Design Scrape Profiles in CMO (Technical Preview)

In an effort to offer greater flexibility and optimization, we're unveiling the concept of optional scrape profiles for service monitors in CMO. This innovation will empower admins to influence the volume of metrics collected by the in-cluster stack. Moreover, the enhanced scaling behavior of CMO will be noticeable both in minuscule and expansive environments. The central idea propelling this change is the provision of an ability to discard non-essential metrics, thus offering admins a deeper control over the gathered data.

Specifying Resource Limits for All Components

In our next release, users will have expanded capabilities to specify resource requirements. While they can currently set limits for components like Prometheus, Alertmanager, Thanos Querier, and Thanos Ruler, we're extending this capability to other vital components such as Node exporter, Kube state metrics, OpenShift state metrics, prometheus-adapter, prometheus-operator, admission webhook, and telemeter-client.

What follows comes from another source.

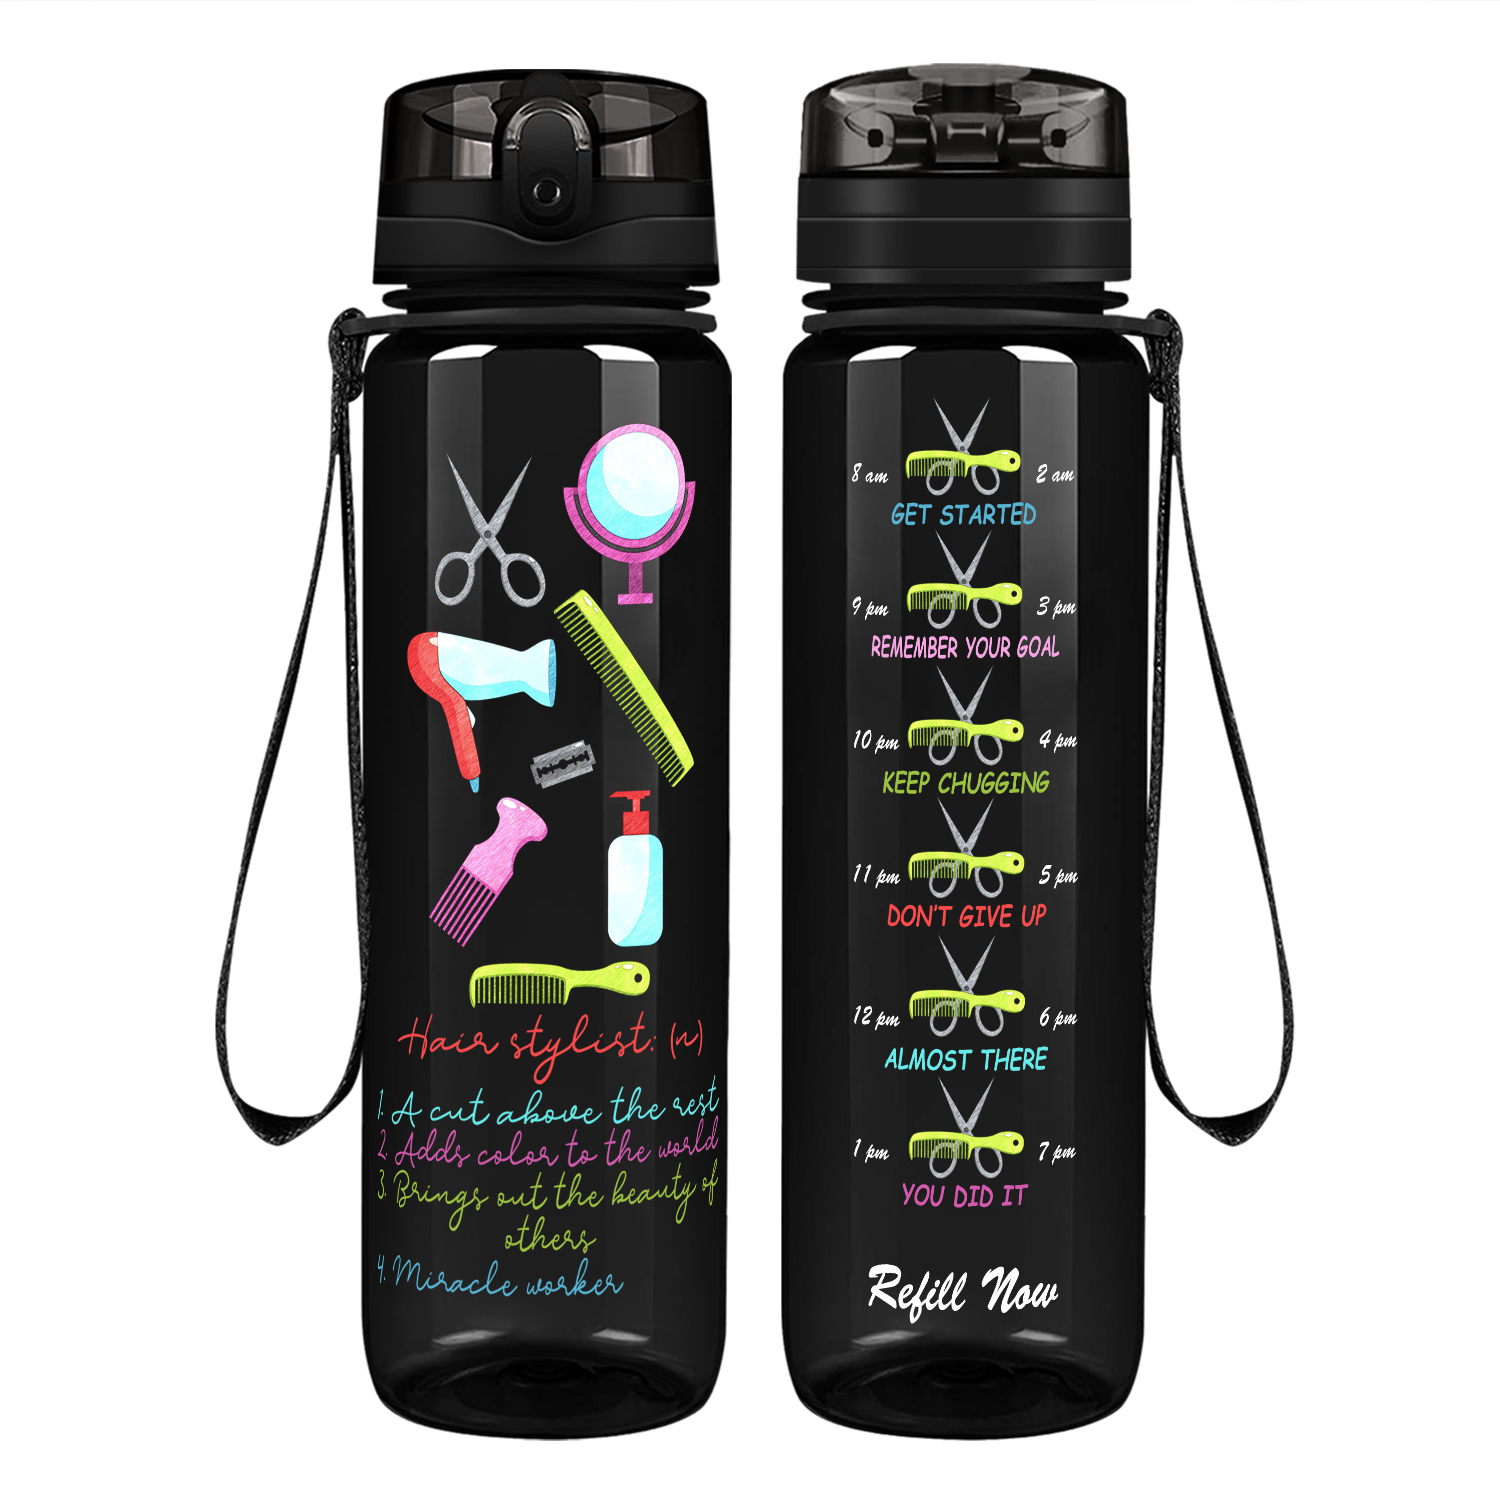 Hairstylist Miracle Worker on 32 oz Motivational Tracking Water Bottle

Extend user customizable TopologySpreadConstraints to all relevant pods

A significant update to our platform allows users to configure TopologySpreadConstraints for all pods deployed by CMO. This includes a comprehensive list such as Prometheus-adapter, Openshift-state-metrics, Telemeter-client, Thanos-querier, UWM alertmanager, UWM prometheus, UWM thanos ruler, Prometheus-operator, Kube-state-metrics, and Config reloader.

Data Storage 

Distributed Tracing 2.9 comes with several enhancements for Tempo, our new distributed tracing storage that will soon reach General Availability (GA) status. Tempo is a scalable, distributed tracing storage solution that can be used to store and query traces from large-scale microservices architectures. For now, in Tech Preview, Tempo has been expanded to ingest and store distributed traces in the following protocols when using the Distributor service: Jaeger Thrift binary, Jaeger Thrift compact, Jaeger gRPC and Zipkin. As it happens with the OpenTelemetry operator, we have worked to bring the Tempo operator to level 4 (Deep Insights).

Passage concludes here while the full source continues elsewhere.